Vraag:
Pensioen is vrijgesteld voor de erfbelasting. Maar zijn er geen andere gevolgen voor de erfbelasting?
Antwoord:
Pensioen is inderdaad vrijgesteld voor de heffing van erfbelasting. 1) Onder pensioen wordt onder meer 2) verstaan een pensioenregeling:
• die voldoet aan de wettelijke bepalingen van de loonbelasting;
• waaraan wordt deelgenomen op grond van de Wet verplichte deelneming in een bedrijfstakpensioenfonds 2000;
• waaraan wordt deelgenomen op grond van de Wet op het notarisambt;
• of waaraan wordt deelgenomen op grond van de Wet verplichte beroepspensioenregeling;
• voor nettopensioen dat voldoet aan de eisen van artikel 5.17 van de Wet IB 2001. 3)
De vrijgestelde pensioenaanspraak heeft wel gevolgen voor de algemene vrijstelling voor de erfbelasting. Zo hebben partners een algemene vrijstelling van € 633.014 (2015), maar daarop komt de waarde van het partnerpensioen in mindering (‘imputatie’). 4)
Voorbeeld
Janneke (50) en Hans (53) zijn getrouwd. Hans overlijdt en Janneke krijgt na zijn overlijden een partnerpensioen van € 45.000 per jaar. Het partnerpensioen wordt vermenigvuldigd met een leeftijdsfactor. De voor de erfbelasting geldende factoren staan in het Uitvoeringsbesluit Successiewet 1956. 5)
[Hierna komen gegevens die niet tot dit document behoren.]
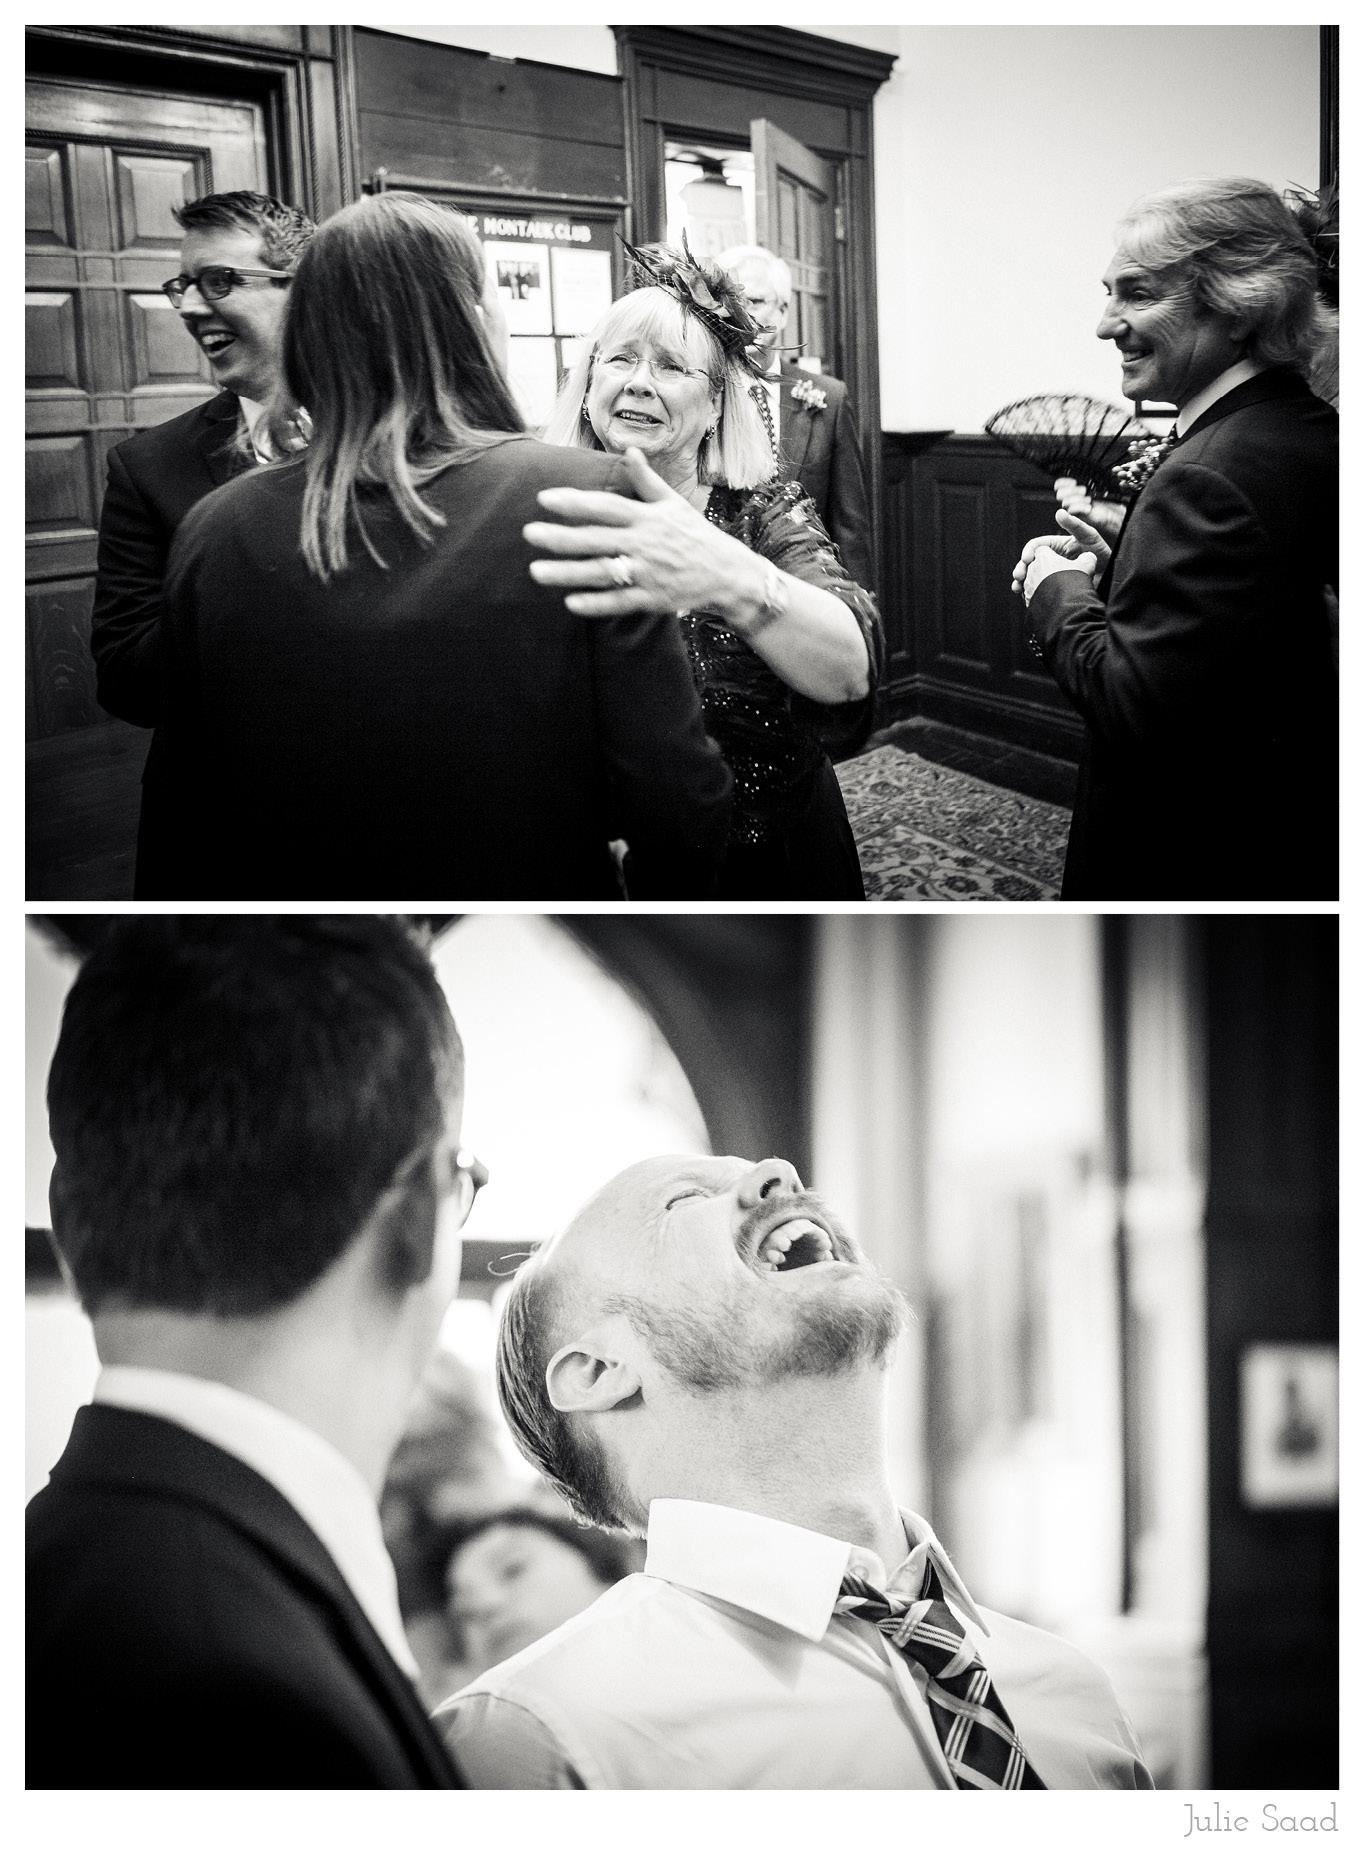 montauk-club-wedding-photographer-brooklyn-saad15.jpg

Vrijstelling erfbelasting voor partner € 633.014
Gekapitaliseerde waarde partnerpensioen (= 12 x € 45.000) € 540.000
Latente inkomstenbelasting (= 30% x € 540.000) € 162.000
Imputatie = ½ x (€ 540.000 -/- € 162.000) € 189.000 -/-
Restant vrijstelling erfbelasting voor partner € 444.014
Na imputatie van pensioen (en lijfrente en periodieke uitkeringen bij overlijden, welke door een partner ten gevolge van overlijden worden verkregen) resteert altijd minimaal een vrijstelling van € 163.530 (2015).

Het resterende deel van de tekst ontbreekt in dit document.